Because of the huge datasets and model sizes involved in training, the machine learning platform is typically a distributed ML platform that typically runs 10-100 workers in parallel to train a model. It is estimated that the vast majority of data center tasks will become machine learning tasks in the near future.

So we decided to look at these ML platforms from a distributed system perspective and analyze the communication and control bottlenecks of these platforms. We also studied the fault tolerance and ease of programming for these platforms.

We classify distributed ML platforms according to 3 basic design methods:


    1. Basic Data Flow

    2. Parametric server model

    3. Advanced Data Flow


We briefly describe each method, using Apache Spark as an example of the basic data flow method, PMLS (Petrar) as an example of the parametric server model, TensorFlow and MXNet as examples of the advanced data flow model. We provide evaluation results for performance evaluations. For more evaluation results, please refer to the paper. Unfortunately, as a small team from academia, we cannot carry out scale evaluations.

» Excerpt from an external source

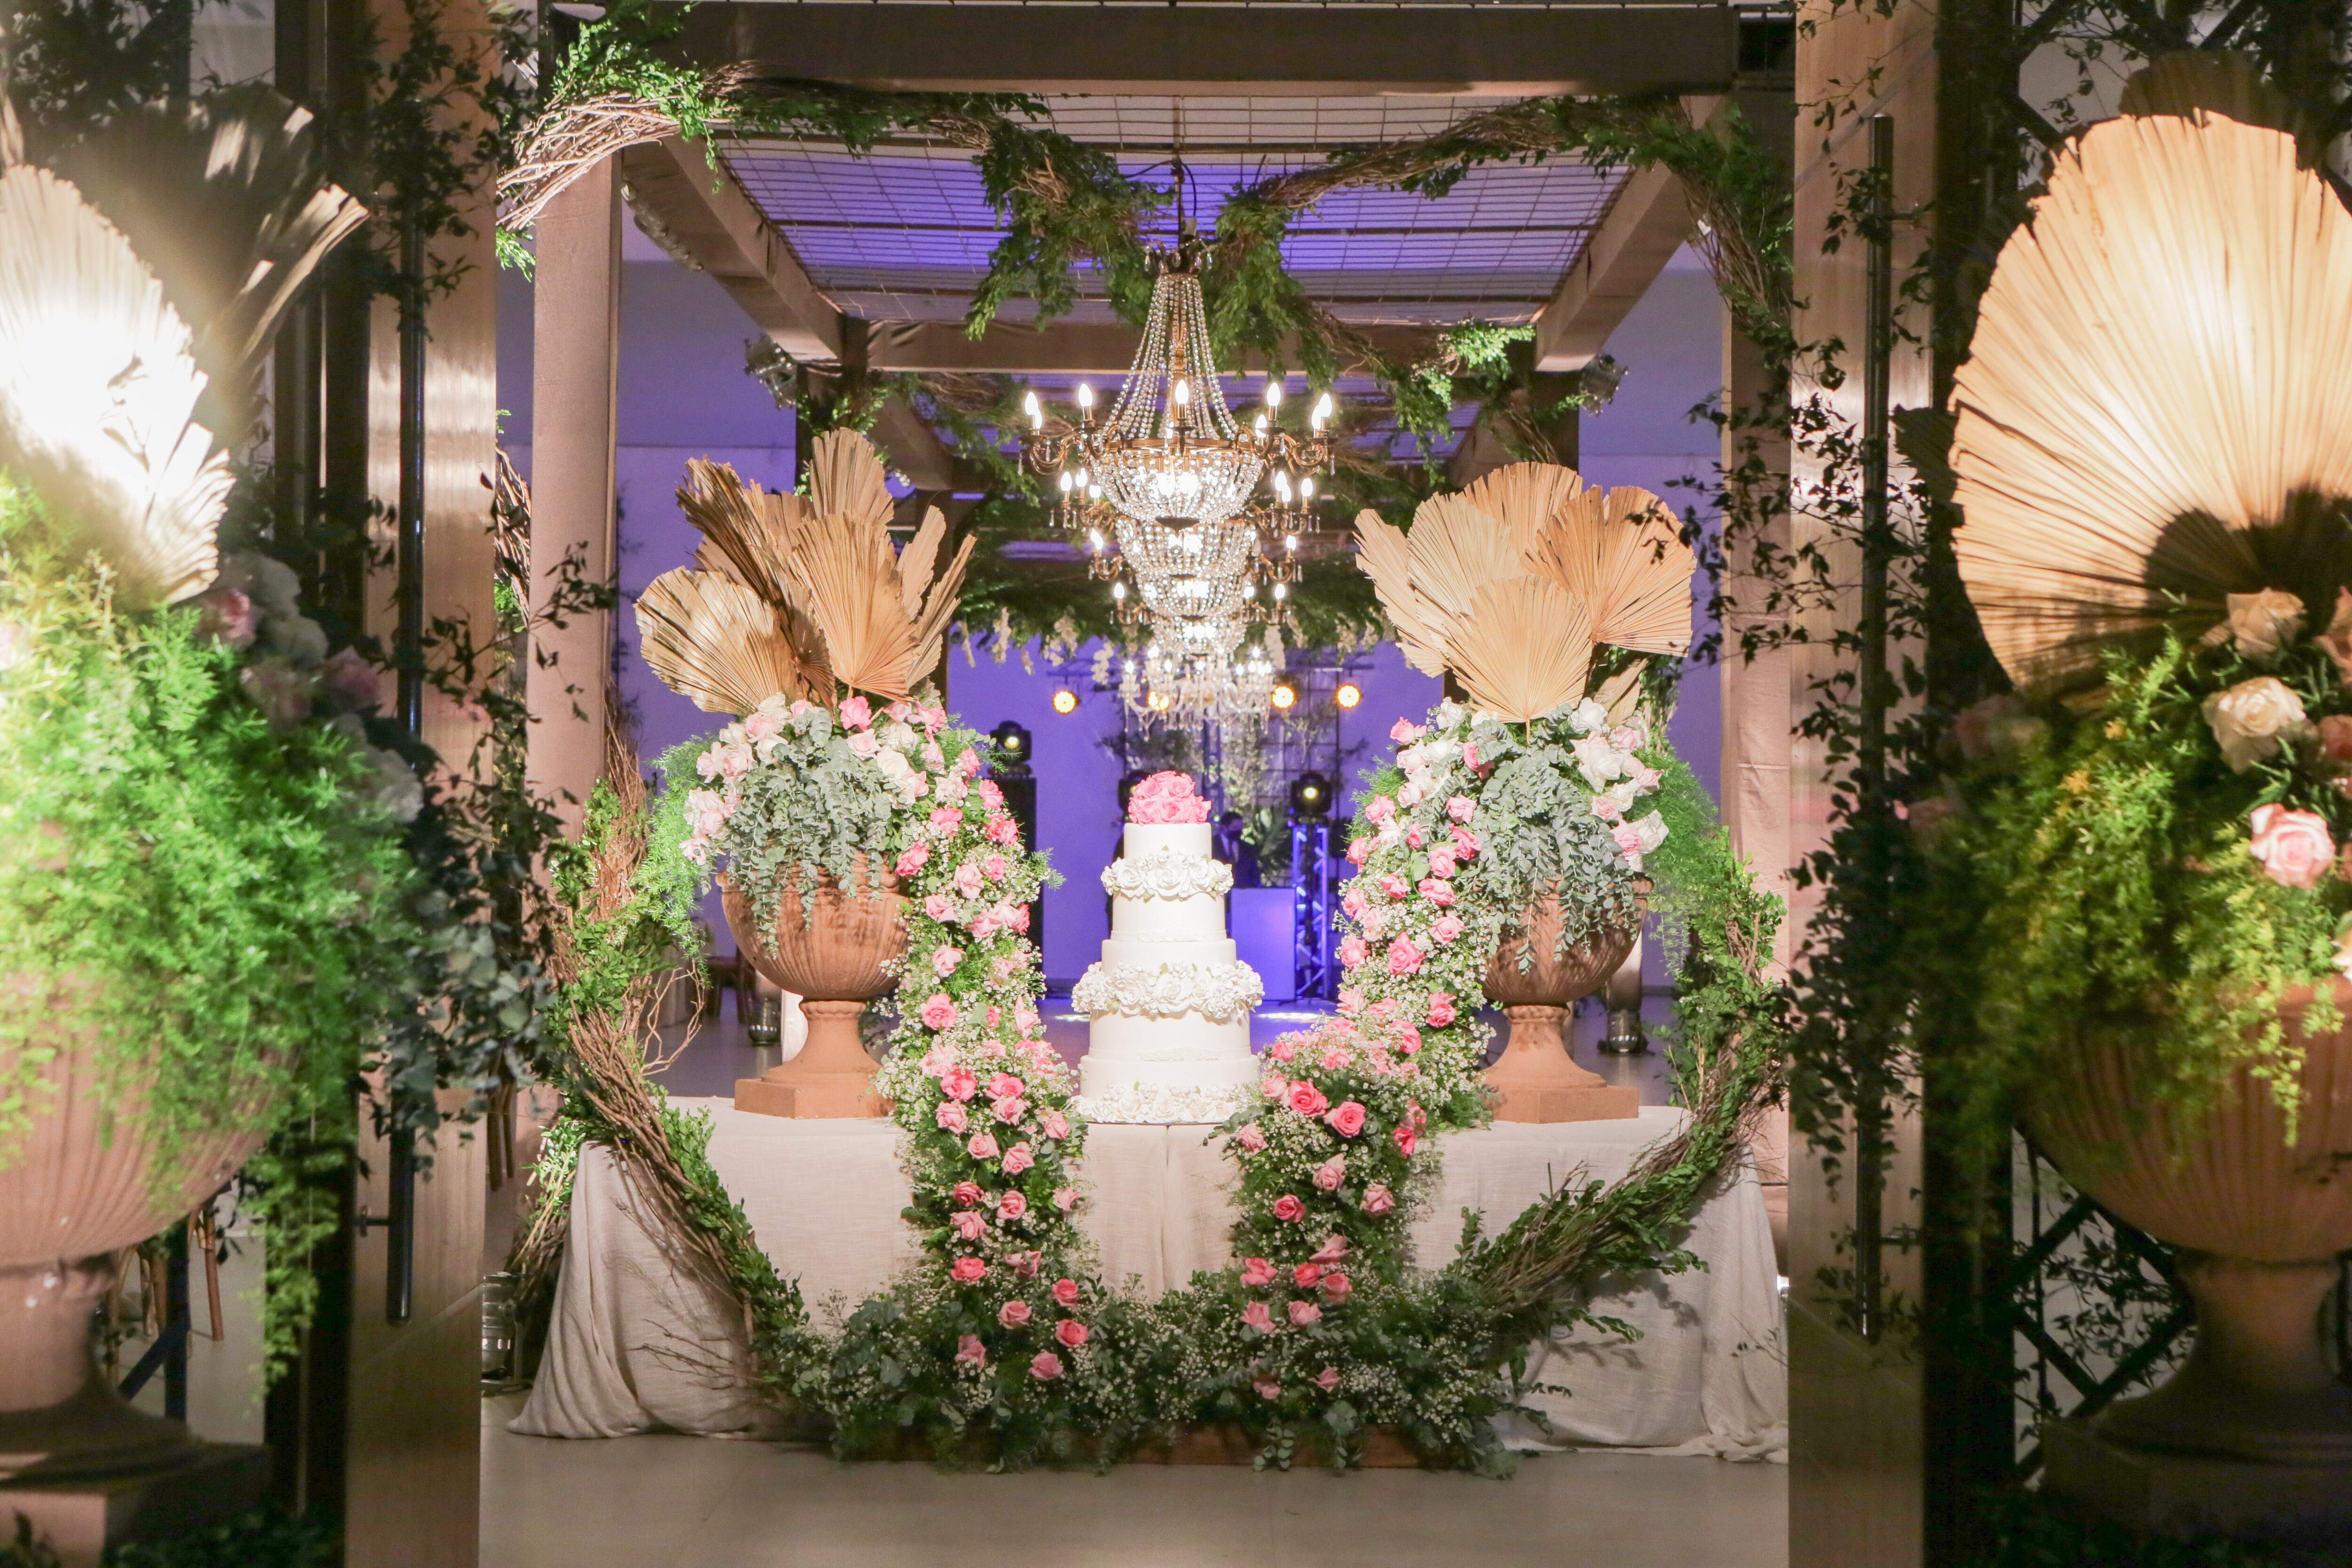 La fiesta fue ambientada con arreglos de flores naturales, follajes por José Benítez, en un estilo greenery, con rosas en tonos claros.

At the end of this article, I will present a summary and recommendations for the future work of the distributed ML platform. If you already have experience with these distributed ML platforms, skip to the bottom of the list.


Spark


In Spark, the calculation is modeled as a directed acyclic graph (DAG), where each vertex represents an elastic distributed dataset (RDD), and each edge represents an operation on the RDD. An RDD is a collection of objects divided into logical (in-memory or swap-to-disk) partitions.

On a DAG, the edge e from vertex A to vertex B means that Rdd B is the result of executing action E on Rdd A. There are two kinds of actions: transformations and actions. Transformations (for example, mappings, filters, connections) perform operations on the RDD and generate new Rdd.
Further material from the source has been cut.